Establishing Data Fixity
The Library requires accurate bit-level preservation of permanent digital collections content stored in preservation storage systems and monitored in approved inventory systems. Because fixity information is essential for determining that content has not changed, it should be generated as early as possible in the acquisitions process. Ideally, third parties transferring content to the Library of Congress should provide fixity information so that it is possible to verify that content has been accurately transferred. When fixity information has not been provided, fixity information should be created as early as possible in the process of ingesting.
Fixity information should be established and logged at both the individual file level and at aggregate levels.
In order to maintain bit-level preservation, DCMS and OCIO coordinate on routine data integrity reviews that are performed through approved inventory systems. DCMS will support Digital Content Managers in identifying and resolving issues raised through reviews. The current priority is to conduct full routine reviews of inventoried digital content, but this is contingent on having a copy of all inventoried digital collection content in on- or near-line storage, an identified business need. Based on current technical capabilities, a review of content in high-latency, archival storage systems may be restricted to a representative sample. The frequency of routine data integrity reviews will be optimized over time as DCMS and OCIO discuss how to most effectively harmonize the review cycle with expected degradation cycles.

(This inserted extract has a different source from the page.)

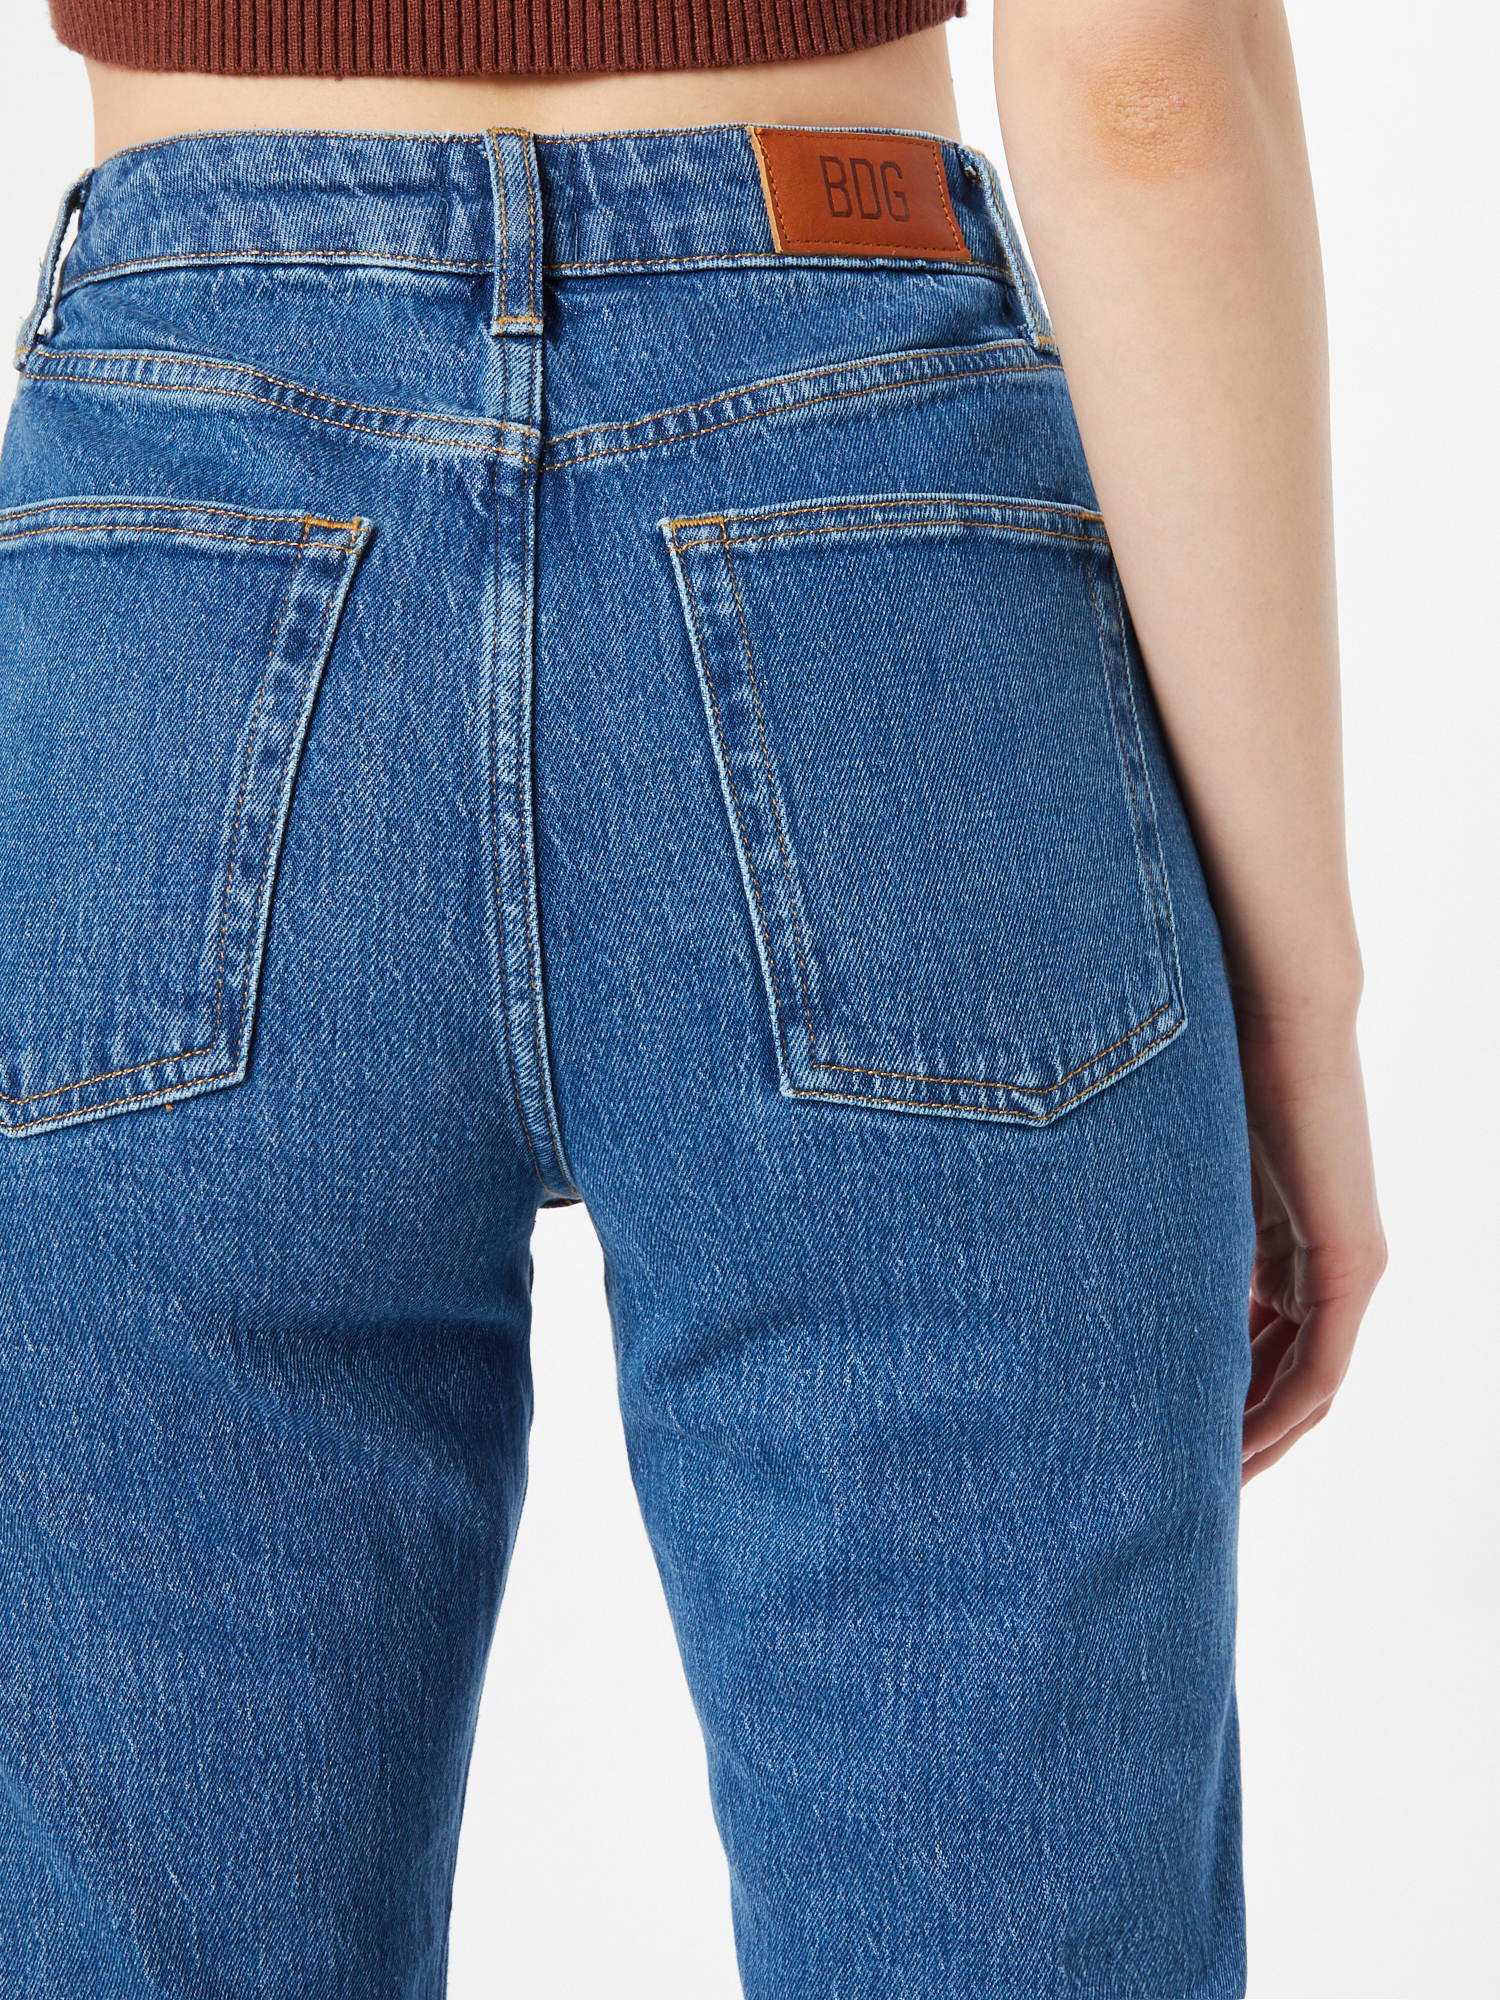 Donna Nuovi arrivi BDG Urban Outfitters Jeans DILLON RECY in Blu

The Library currently monitors changes in digital content by recording and comparing fixity metadata about digital items. At the file level, for example, fixity checks may be performed against cryptographic hash values, such as those generated by MD5 or SHA algorithms, which are monitored through manifests stored in approved inventory systems. Content stored in BagIt External link structure also contains checksum manifests. Logs of all data integrity checks are maintained as auditable records and currently are stored within the approved inventory system. Data integrity information is stored by approved inventory systems and should be retained as long as the content remains part of the Library's collections.